Once all your mix-ins have been added, the last easy step is just to bring it to a boil. You will notice as it starts to heat up that it will start to thicken pretty quickly. That is thanks to the roux that we made earlier. As soon as it has reached the thickness you desire, it is ready to use. I usually either make the gravy first (and keep it on the side to reheat when everything else is ready) or last for the feast since it’s super quick.
I hope you enjoy this recipe as much as we do! Be sure to let me know if you give it a try in the comments!
- 3 Tablespoons - Earth Balance Butter
- 1/2 - Medium Yellow Onion Finely Diced
- 3/8 cup - All Purpose Flour
- 4 Cups - Water
- 1 - Not Chik'n Bouillon Cube
- 1 Tablespoon - Soy Sauce
- 1 Tablespoon - Dried Thyme (I usually do 2-3 generous pinches with my fingers)
- 2 Tablespoons - Nutritional Yeast "Nooch" (optional)
- Finely dice 1/2 of a medium yellow onion.
- Heat up the earth balance butter in a 2qt pot on medium/low heat, and once its mostly melted add the butter.
- While the onions are cooking, mince 2 cloves of garlic, once they are minced add them to the onions.
- Cook the onions and garlic until the onions begin to become translucent and soft. At that point add the AP Flour. Mix it in well with the butter and onion mixture and continue to cook on medium/low heat until the flour no longer smells raw (2-3 min). We are not trying to fry the flour or burn it, we just want the heat to take away the raw edge.
- Once the flour is done cooking, add the water, bouillon cube, soy sauce, dried thyme and nutritional yeast (if you are using it)
- Mix everything, bring it to a boil, and mix occasionally. Everything will begin to thicken as it heats up, cook until it reaches desired thickness.
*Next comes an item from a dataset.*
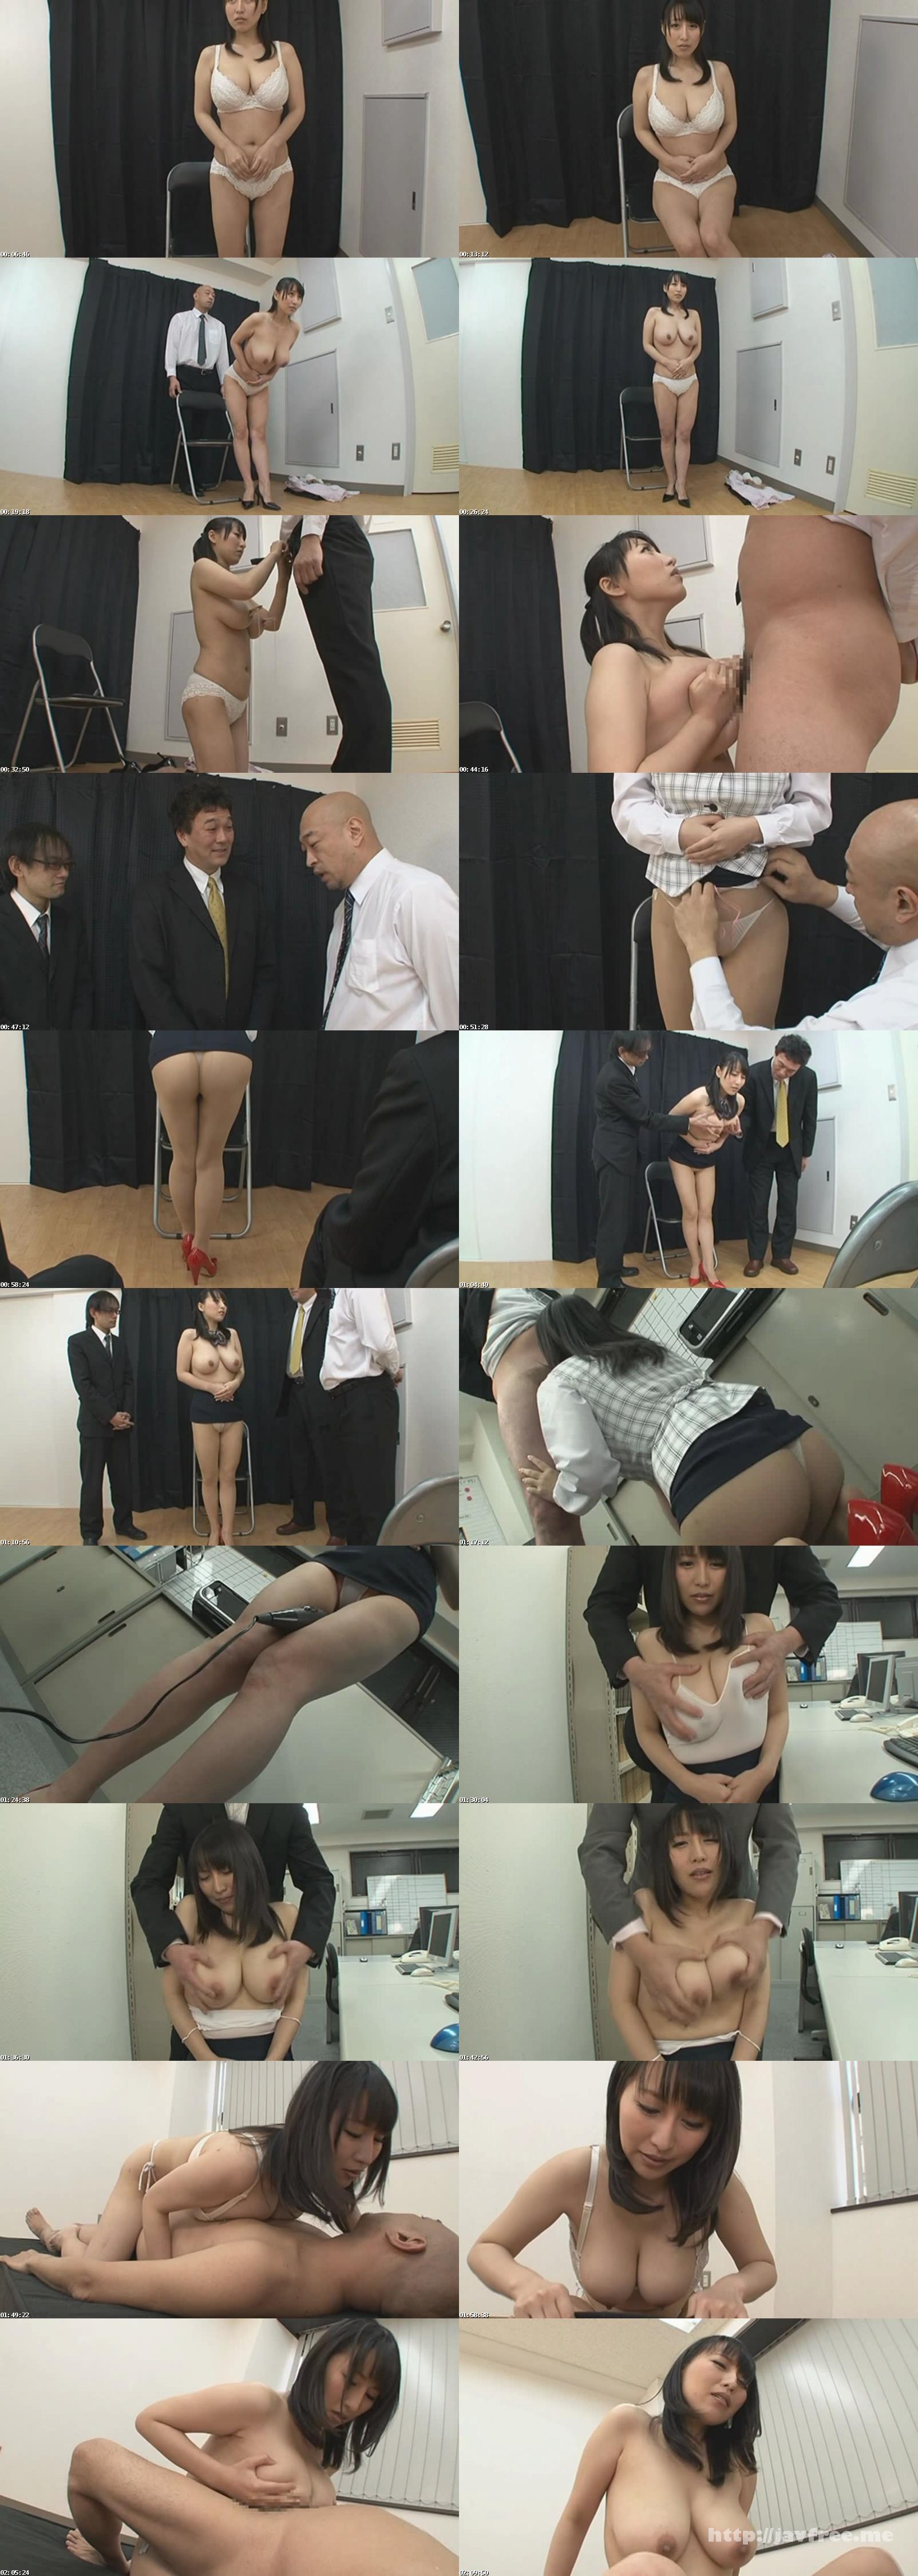 [NKD 132] 巨乳女子社員再教育プログラム2 星咲優菜 星咲優菜 nkd

- It's all ready! Serve warm =) Enjoy!!
- *This recipe make quite a bit of gravy, if you find that you end up with too much leftover, you can always half the recipe for next time. I usually like to have a lot more than I need so nobody feels like they need to take less, but thats just my own thing. You probably have enough for at least 10 people at the table with this recipe.
- *This recipe also reheats really nicely, just a bowl in the microwave is fine, or on the stove, either way it doesn't matter, I've tried both.
- *Even though the nutritional yeast is optional I would HIGHLY recommend it for the level of flavor it adds, not including all the good vitamins it also adds.
- *I have tried this recipe in the past with gluten free flour, it came out just as good, nobody noticed except our guests who had celiac because even they could enjoy it also! You may need to reduce the amount of flour though, I found I needed to add more water to the recipe with gluten free flour because it got too thick to fast.
- *Salt is not necessary in this recipe because it comes from the bouillon cube, vegan butter, and the soy sauce.
- *Real butter works just as well in the recipe, if you are only vegetarian and not vegan.